Peter Jolly’s already has lions, one ankoli, a camel, a fox, a racoon, four reindeer, three snakes, and two zebra, but Anthony Beckwith, who has 13 years of circus experience, said they would not even rule out breeding or getting an elephant in the future, but they were ‘very expensive’.

During the day the big cats live in the lorry, but are able to get out into the grassy area as the cages are not locked – the area is surrounded by a cage and is about the size of a small one bedroomed flat.

The lions gaze out of the cage non-stop at me – or possibly the zebras tied-up nearby – so I ask Thomas why they are so subdued. His response: “Lions are typically couch potatoes.

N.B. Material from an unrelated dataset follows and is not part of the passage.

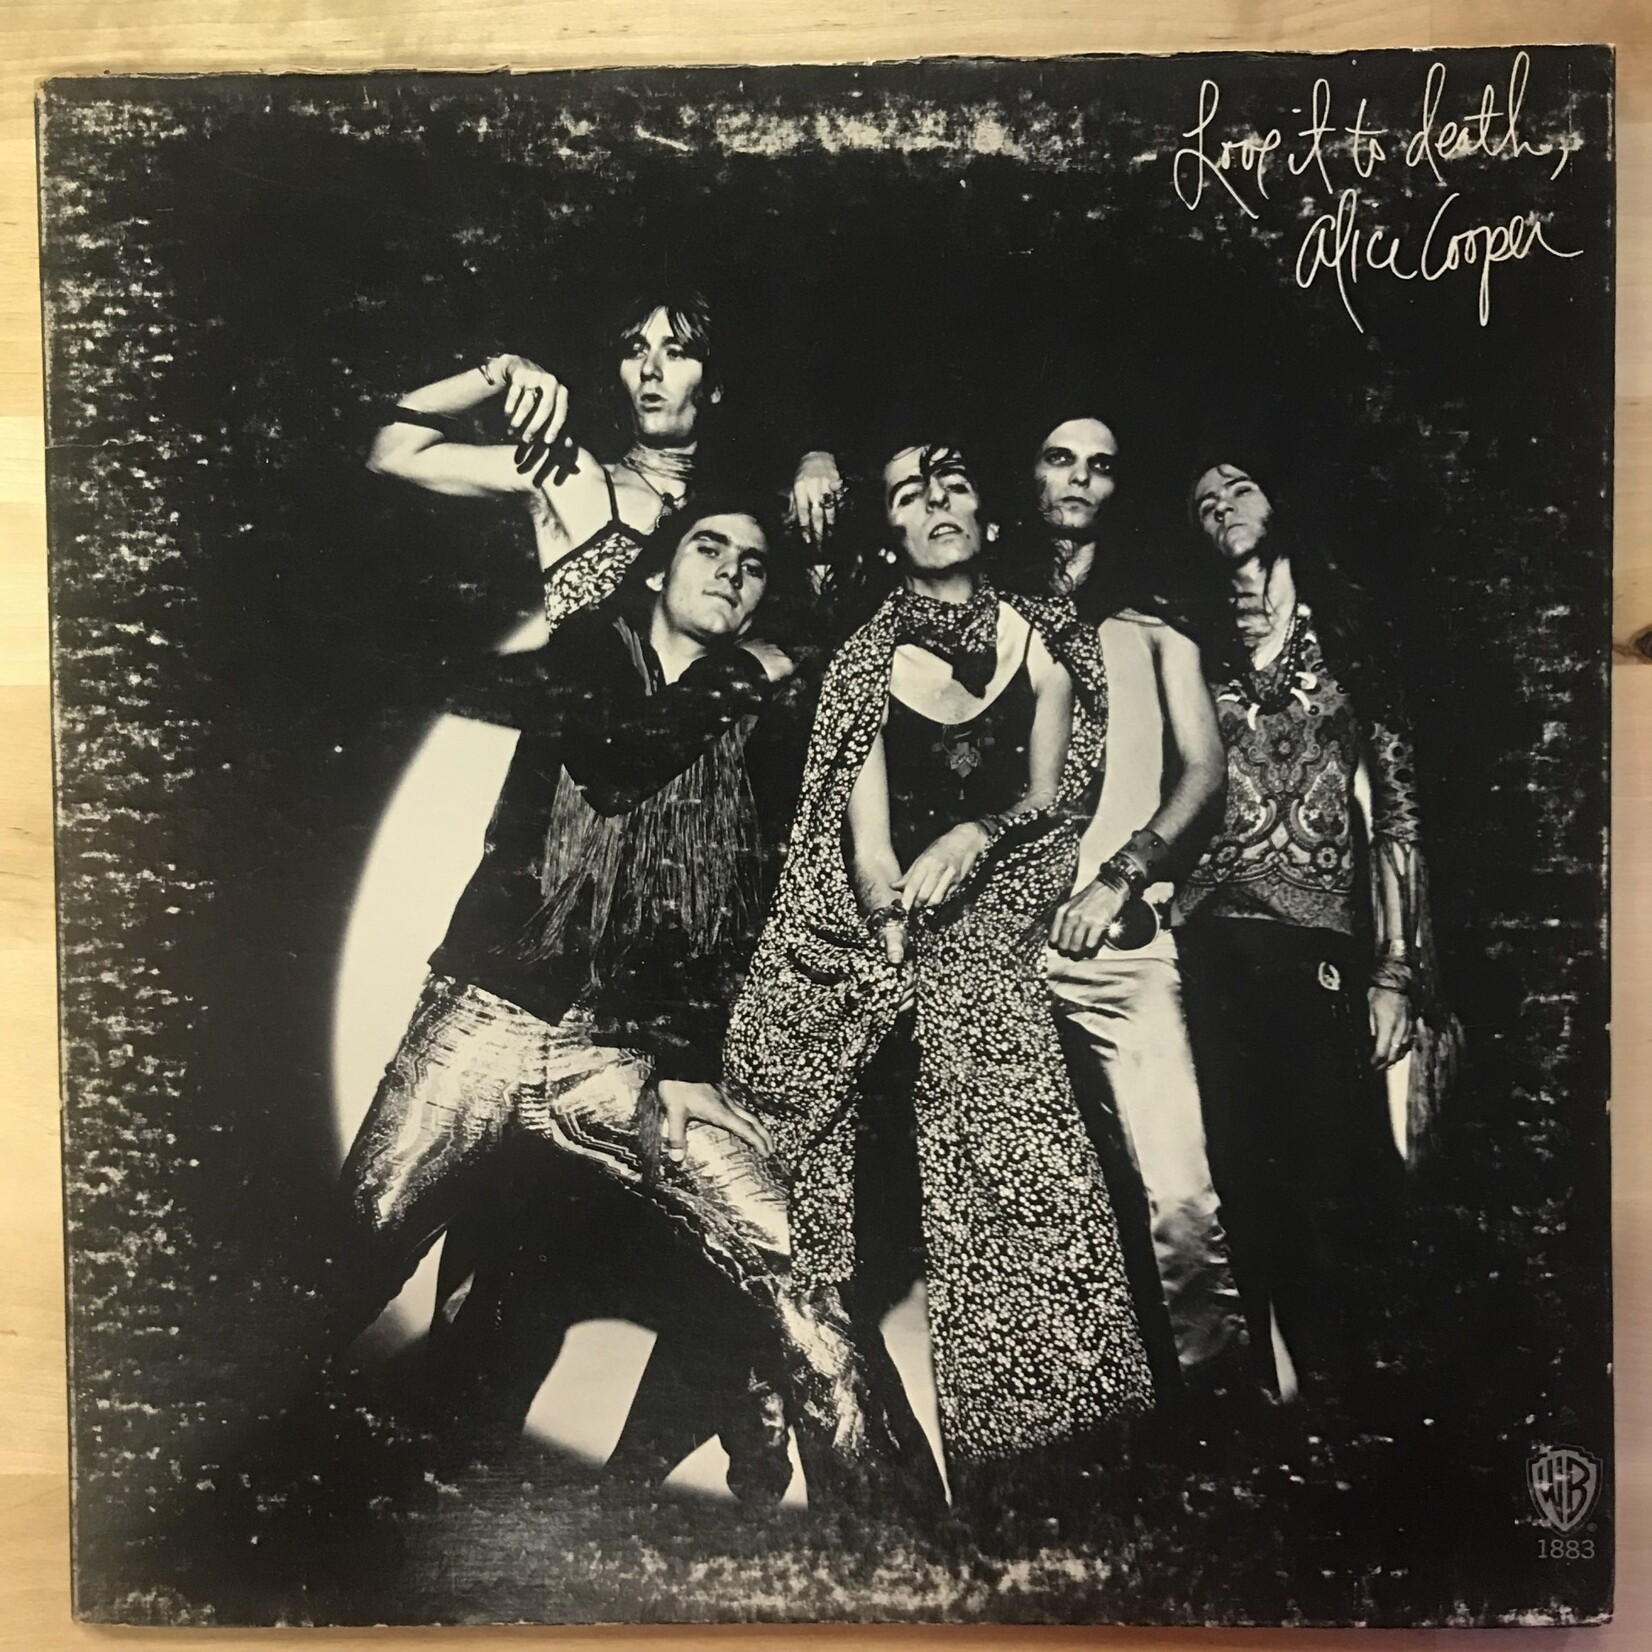 Alice Cooper - Love It To Death (Uncensored w/ Pink Label) - 1883 - Vinyl LP (USED)

“They are always doing something different. The surface of the ground here is different to last week, they are seeing different things, they watch the birds.”

But despite having trained and looked after the lions and tigers for half his life, Thomas has never seen a big cat in its natural habitat – he has seen them in safari parks but never in the wild, something he says he would love to do.

I ask him what he would say to people who slate his trade as cruel: “The wild lifestyle is not the Disney film people pretend it is.

“Some people object to just keeping them in captivity –  my argument to that is these guys live up to three times longer than they would in the wild.

“My appeal to anyone that’s got doubts about the welfare is to come and see how they are kept for themselves.”

And as for safety, Thomas and Anthony said people had tried to free the animals in the past, but the public was safe from the 300kg lions.

“If they did get out they wouldn’t get far,” said Anthony, who said they had plans in place in the event of an escape.